[Start of Attachment]
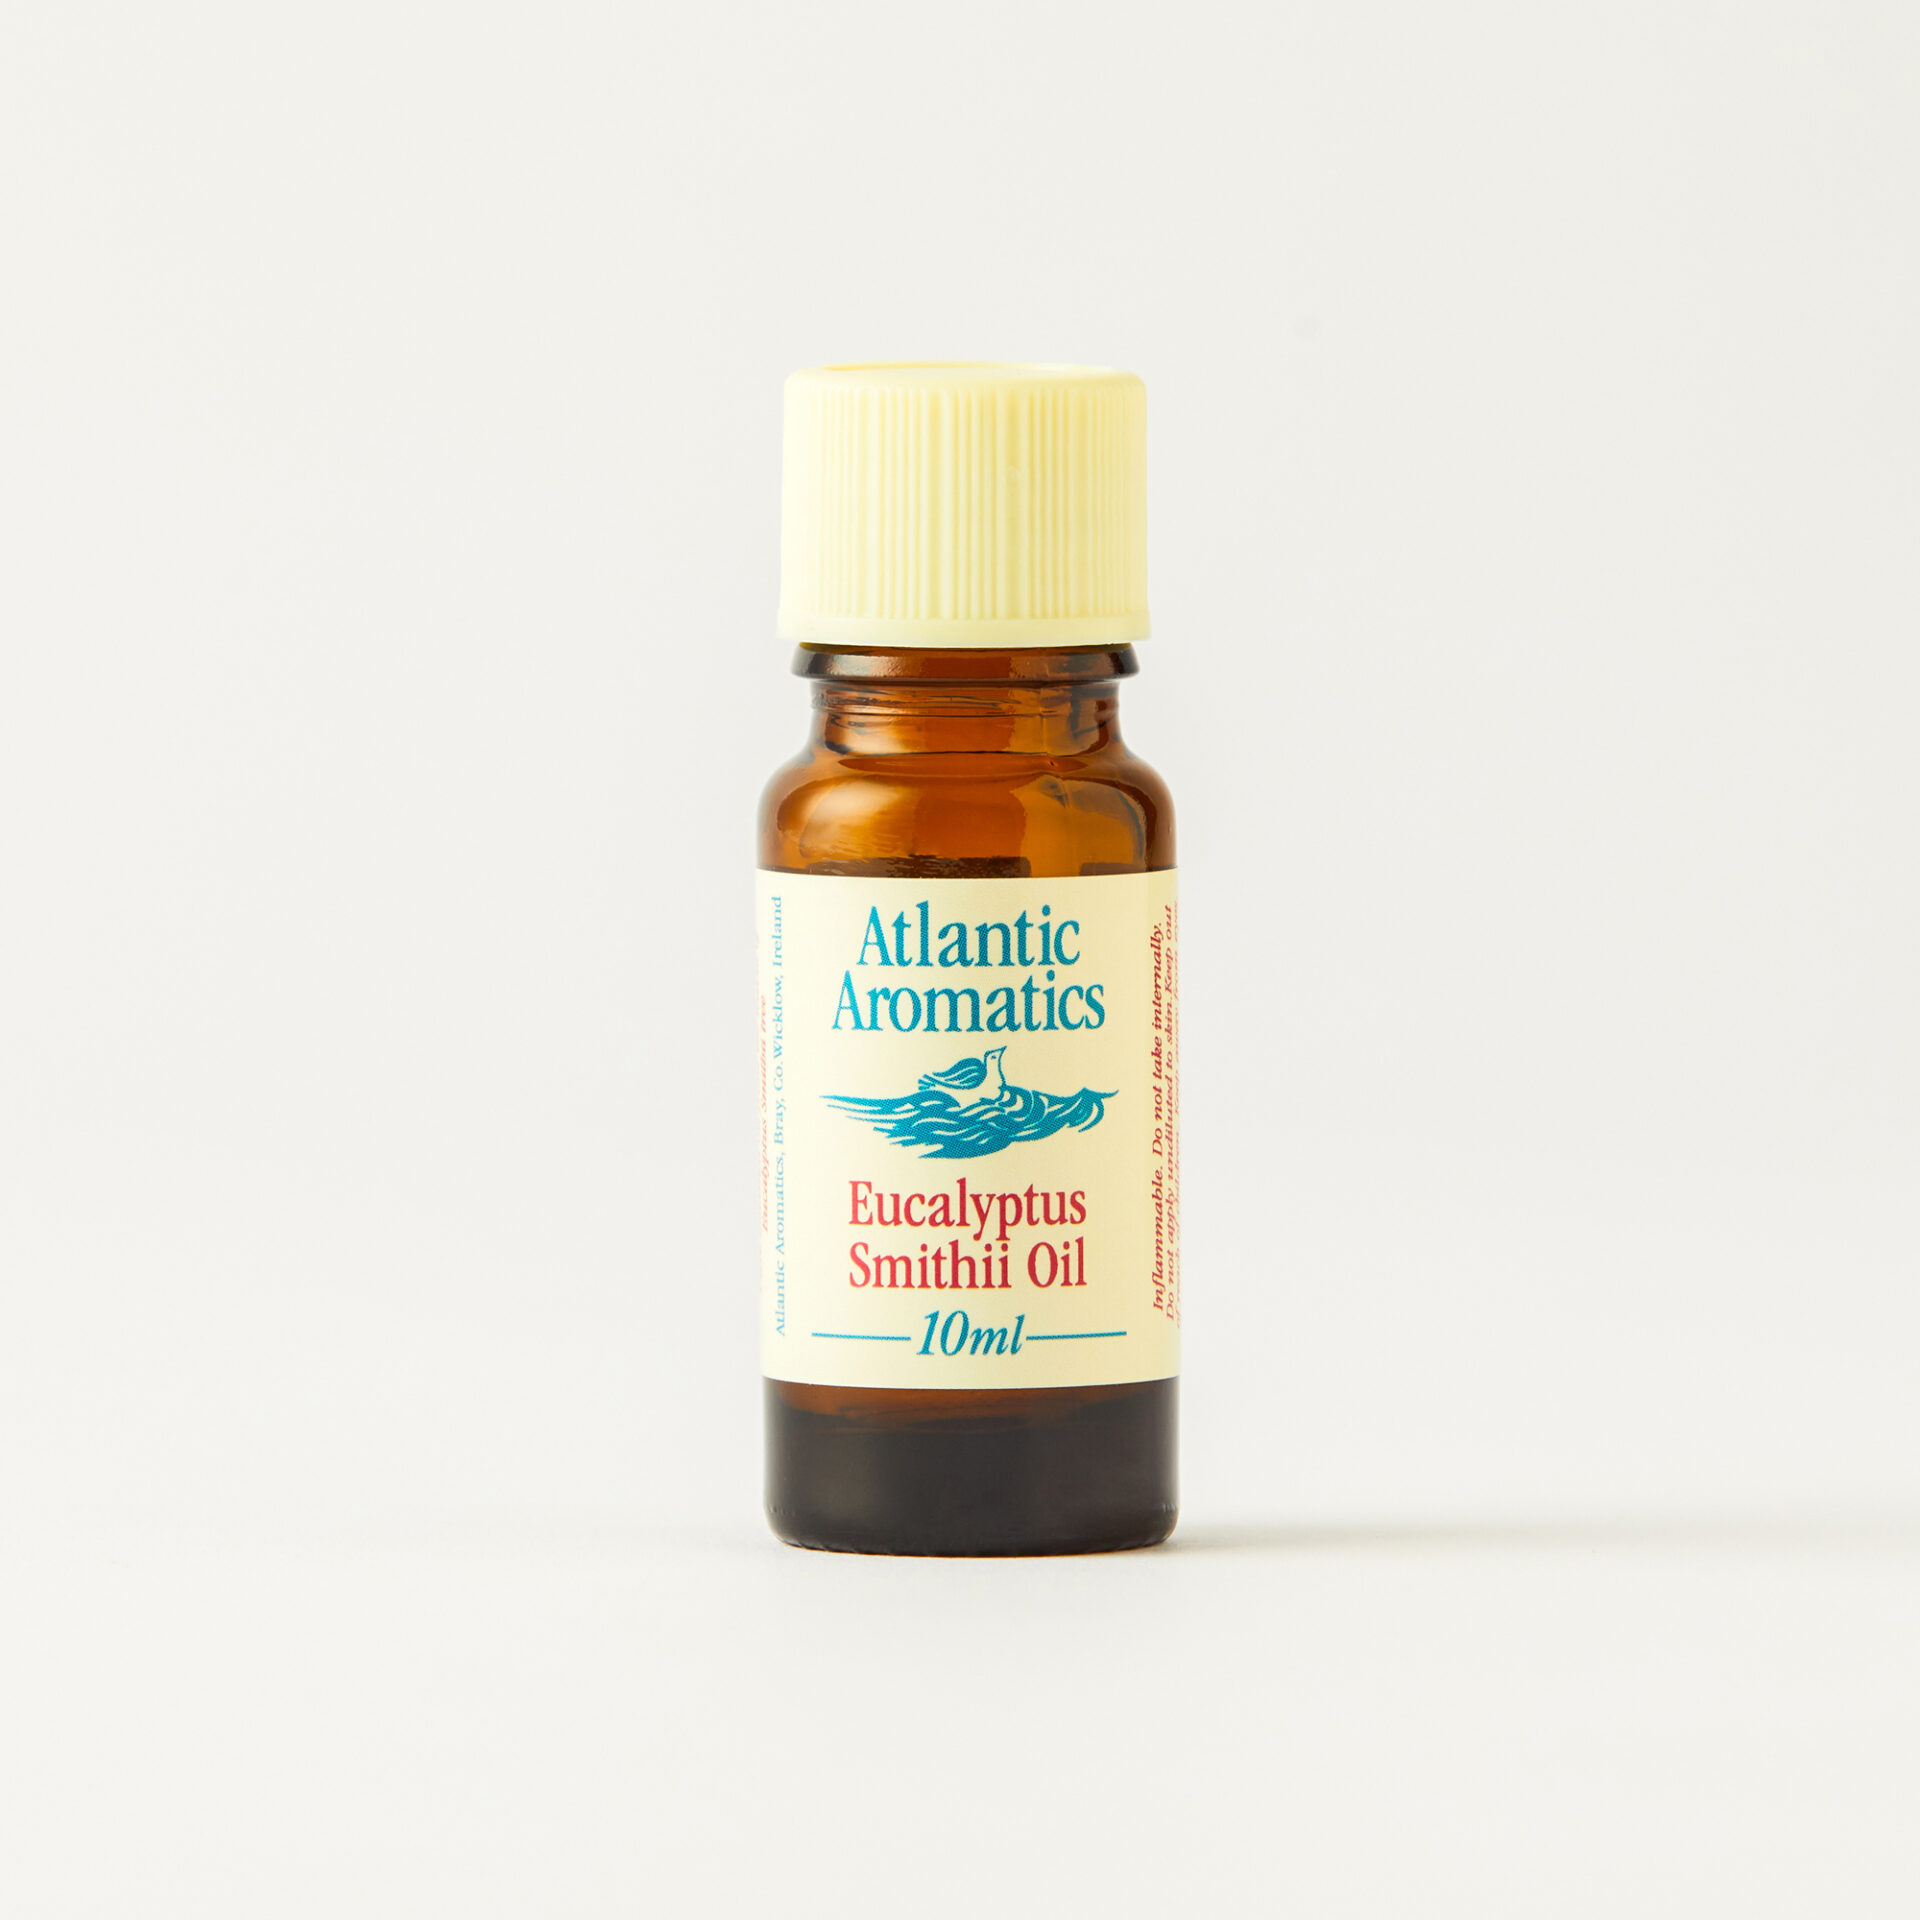 Atlantic Aromatics Eucalyptus Smithii Oil
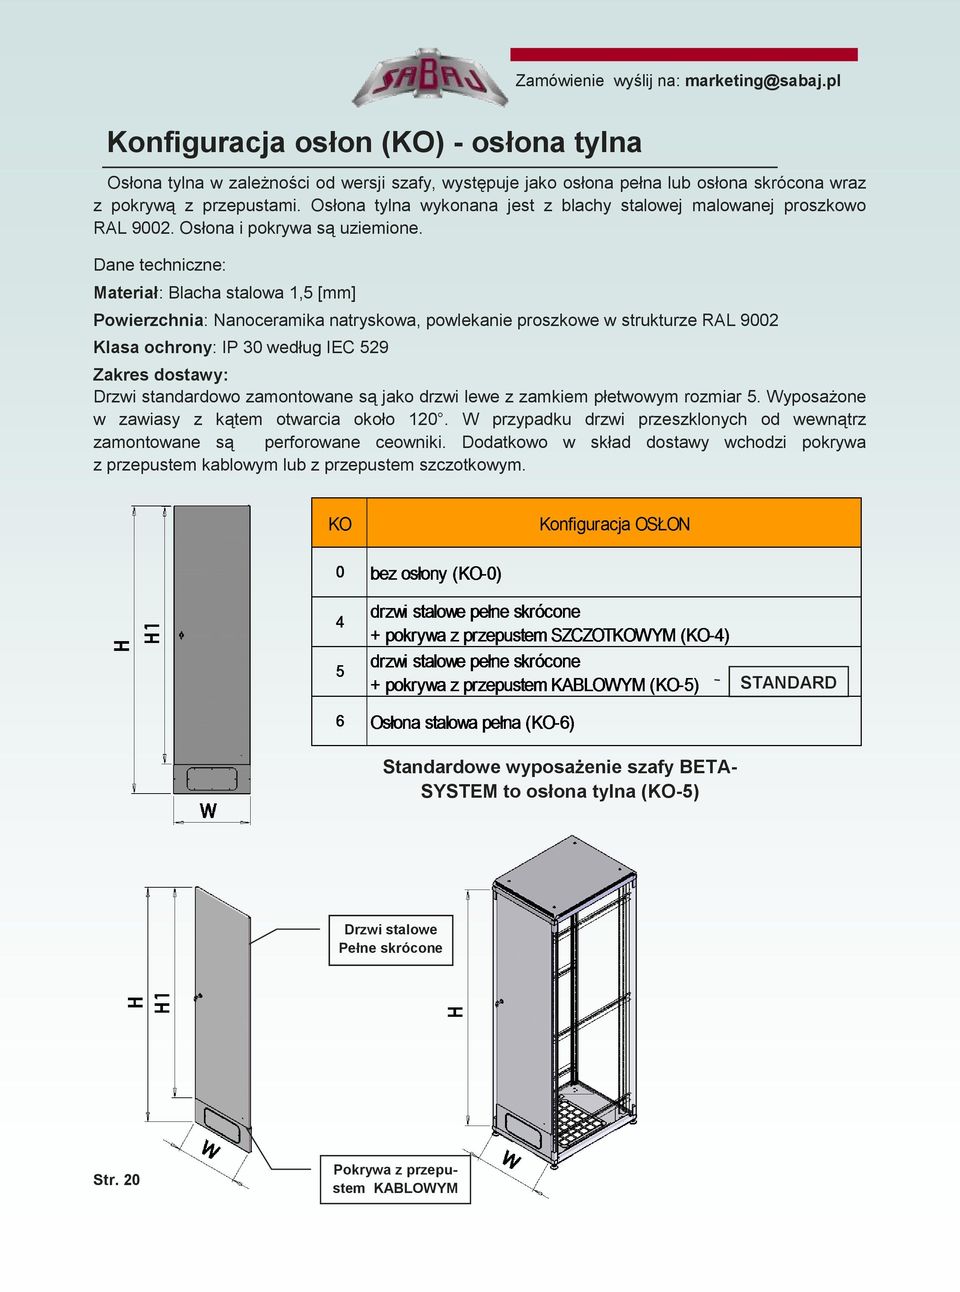 Dane techniczne: Materiał: Blacha stalowa 1,5 [mm] Powierzchnia: Nanoceramika natryskowa, powlekanie proszkowe w strukturze RAL 9002 Klasa ochrony: IP 30 według IEC 529 Zakres dostawy: Drzwi
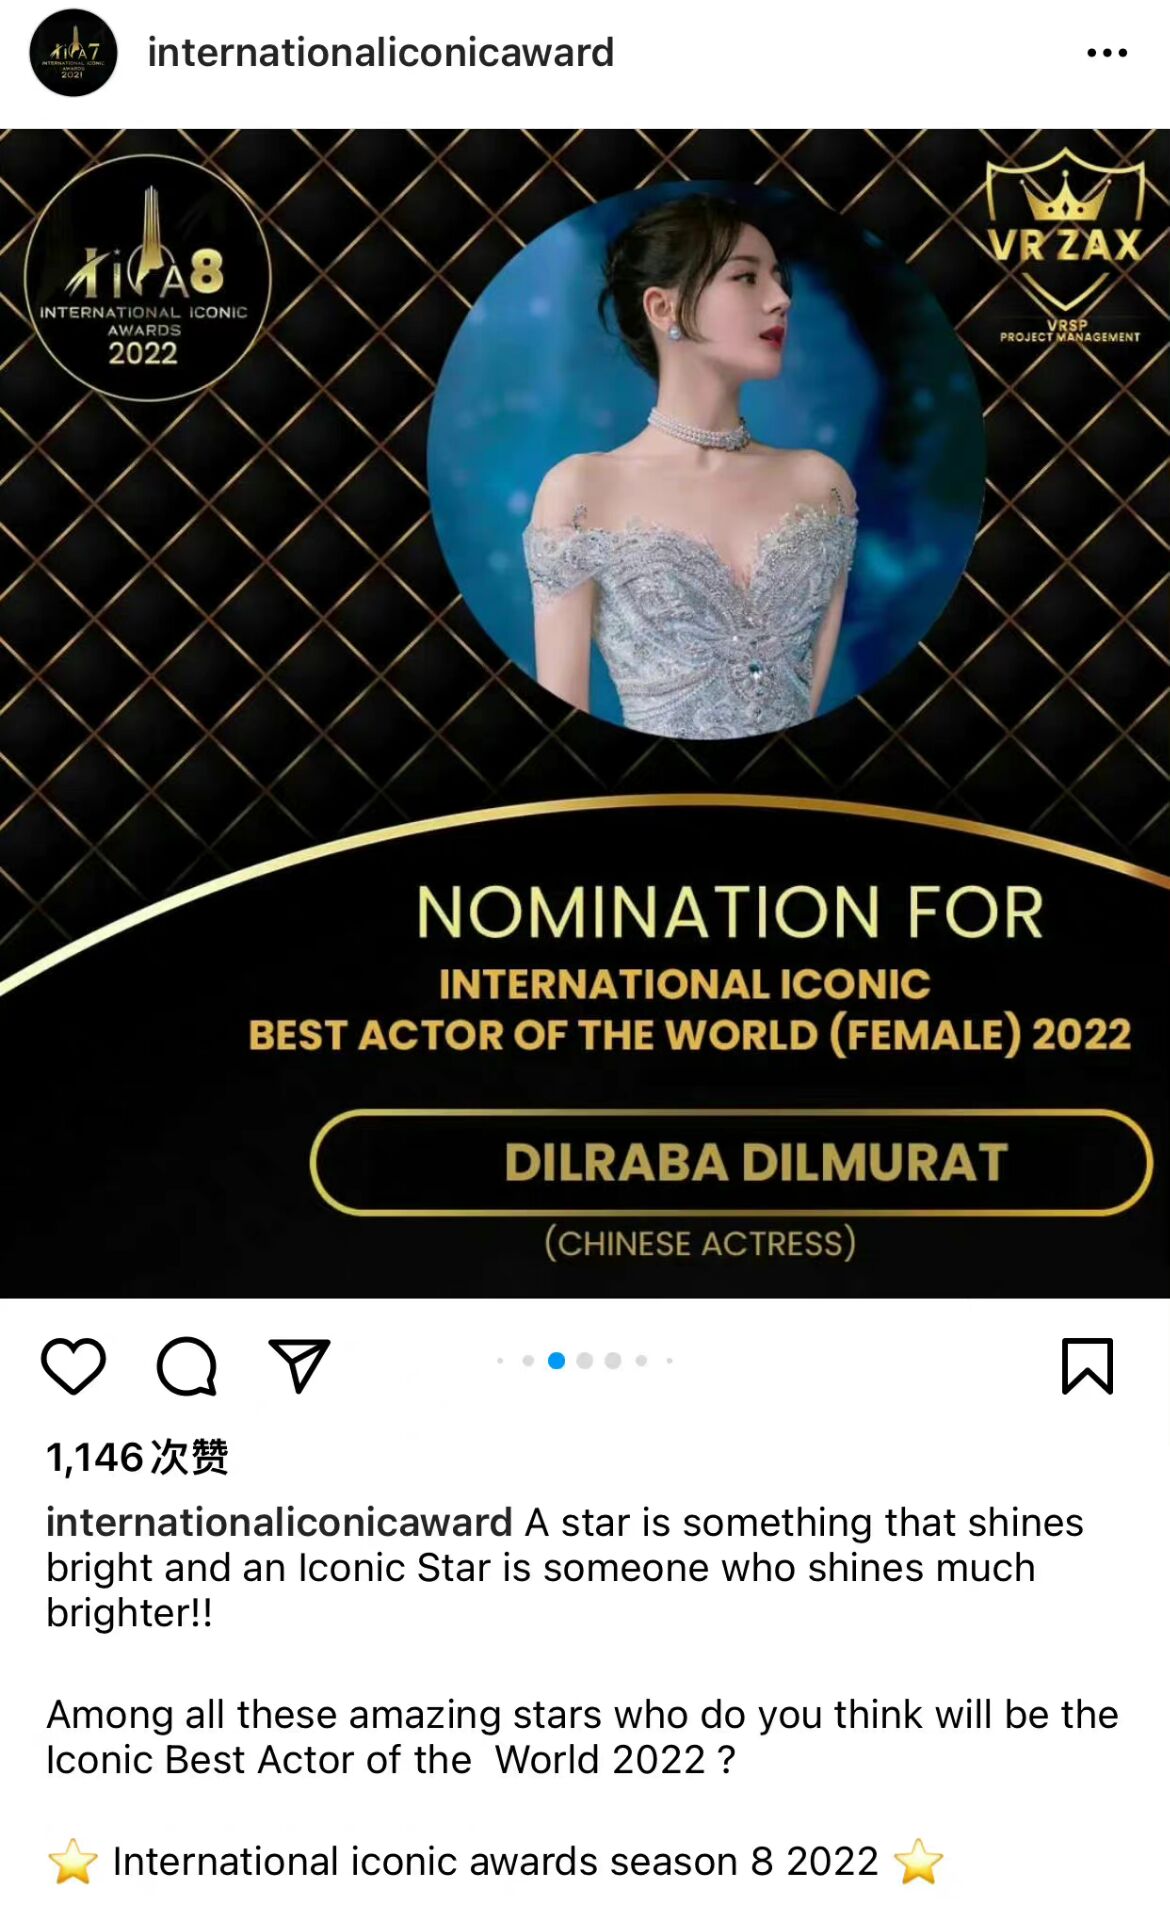 太优秀了！迪丽热巴提名标志性世界最佳女演员，继成龙后提名的中国女演员
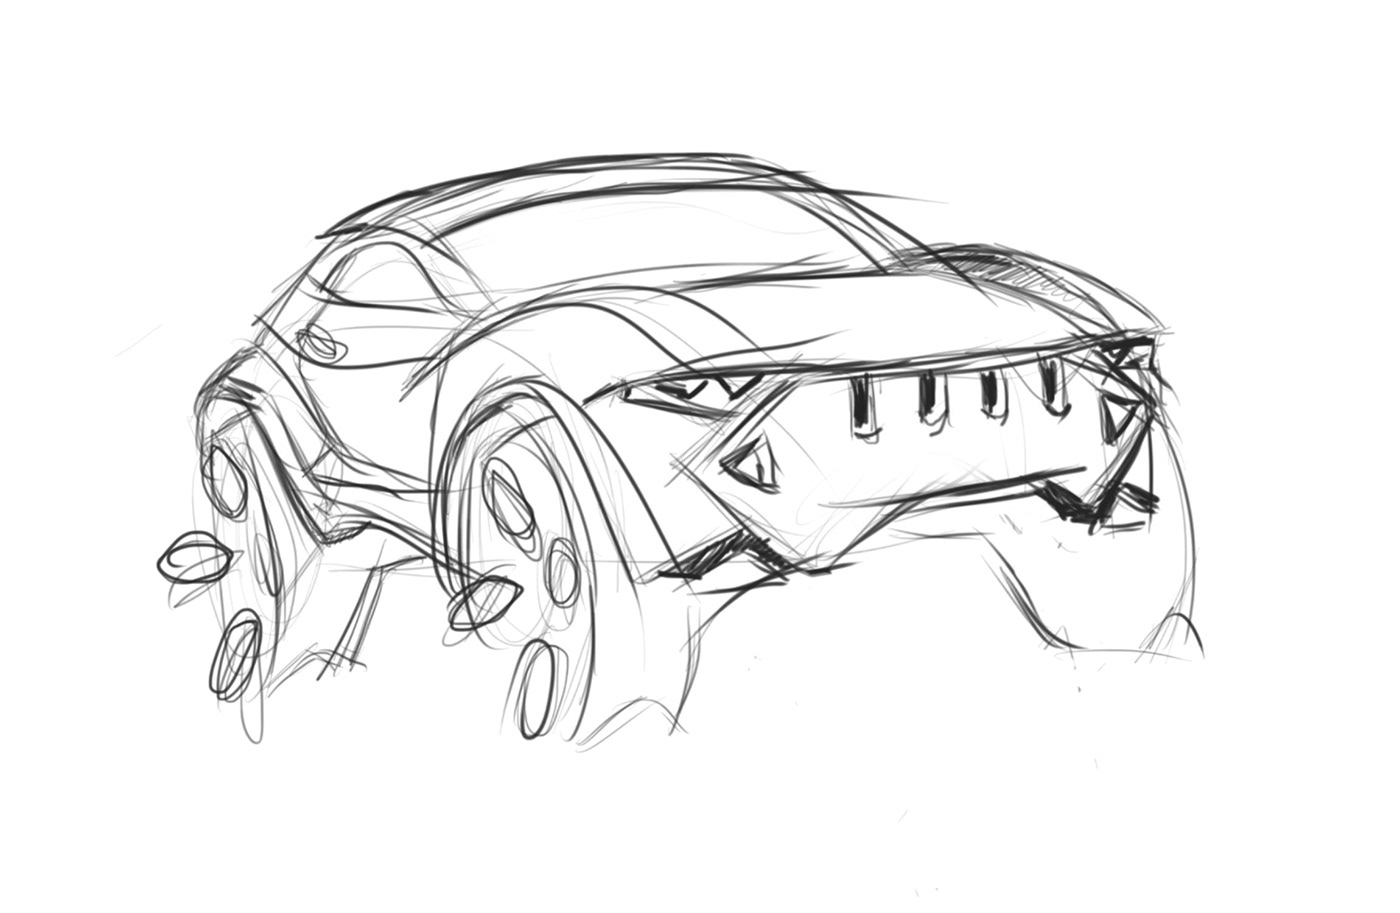 jeep cardesign automotivedesign suv automotive   CONCEPTCARS futuristic-design jeep-concept transportation'design vehicle'design
[End of Attachment]
Your task: Write out the data above exactly as it appears, but without any image.

Solved exercise:
 Atlantic Aromatics Eucalyptus Smithii Oil
 Dane techniczne: Materiał: Blacha stalowa 1,5 [mm] Powierzchnia: Nanoceramika natryskowa, powlekanie proszkowe w strukturze RAL 9002 Klasa ochrony: IP 30 według IEC 529 Zakres dostawy: Drzwi
 太优秀了！迪丽热巴提名标志性世界最佳女演员，继成龙后提名的中国女演员
 jeep cardesign automotivedesign suv automotive   CONCEPTCARS futuristic-design jeep-concept transportation'design vehicle'design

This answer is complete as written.